Derek flinched at the word followers, but Maria shrugged.

Maria reached into her pocket and pulled out a handful of rings. The sight of them made everyone nervous. Rafi clearly thought they were real spiders at first.

“What are you doing with those, Maria?” Mom said.

“I think I’m getting rid of them,” she said.

“That’s probably for the best.” As soon as Mom had woken up in the hospital, she’d said to Maria, “Your grandmother warned us,” then immediately fallen asleep again.

“Are you sure?” Derek said. “Those rings could make you rich forever. I mean, after you sell them, of course,” he hastened to add. Mom and Rafi still had no idea that the rings had powers.

Maria shrugged. Money wasn’t everything. It certainly wasn’t worth the life that these accursed rings bought.

“Can I see them one last time?” Derek said.

Maria hesitated. She’d kept the rings hidden from everyone this week, locked in a trunk where not even the spiders could get them. They were just too tempting.

“Okay,” she said, handing him the rings. “But just for a second.”

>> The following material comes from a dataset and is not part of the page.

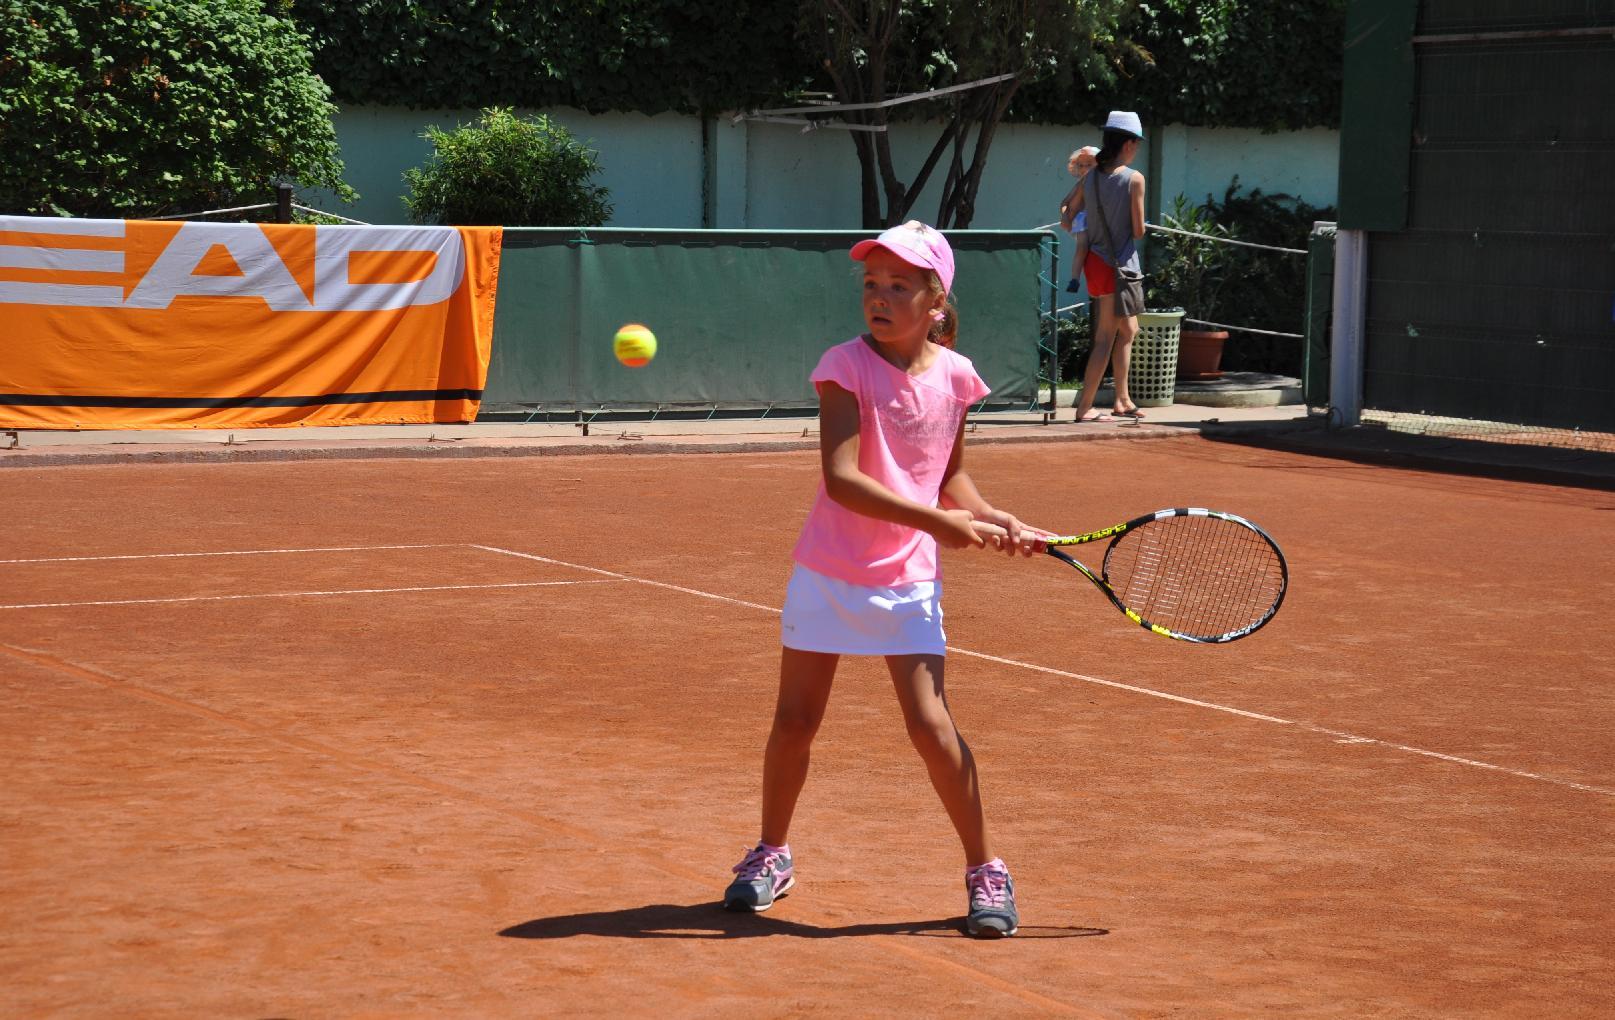 Tenis și multă distracție la Cupa Bucovina susținută de Itsy Bitsy

Derek took them and looked at them. Each ring was a little different, in its own horrible way. Maria hadn’t spent much time examining them.

Then Derek put them behind his back and moved his hands around.

“Guess which hand the Brown Recluse is in,” he said.

“That’s not funny, Derek.” Maria reached out her palm for him to give them all back.

Her voice must have sounded awfully frantic, because right away Derek stopped and gave her back the rings. “I was just teasing you,” he said.

Maria took the rings in her hands, and brought her hands to her mouth. There were no spiders in sight, but she hoped, after everything, that they would be able to hear her.

Thank you, she thought. Thank you for everything. I don’t have much to give you, but I can give you this.

Without looking closely, Maria hurled the rings into the water.

Her mother gasped, and her brother gave her an odd look, but Maria didn’t care. She had all the gifts she needed right here, in this little boat.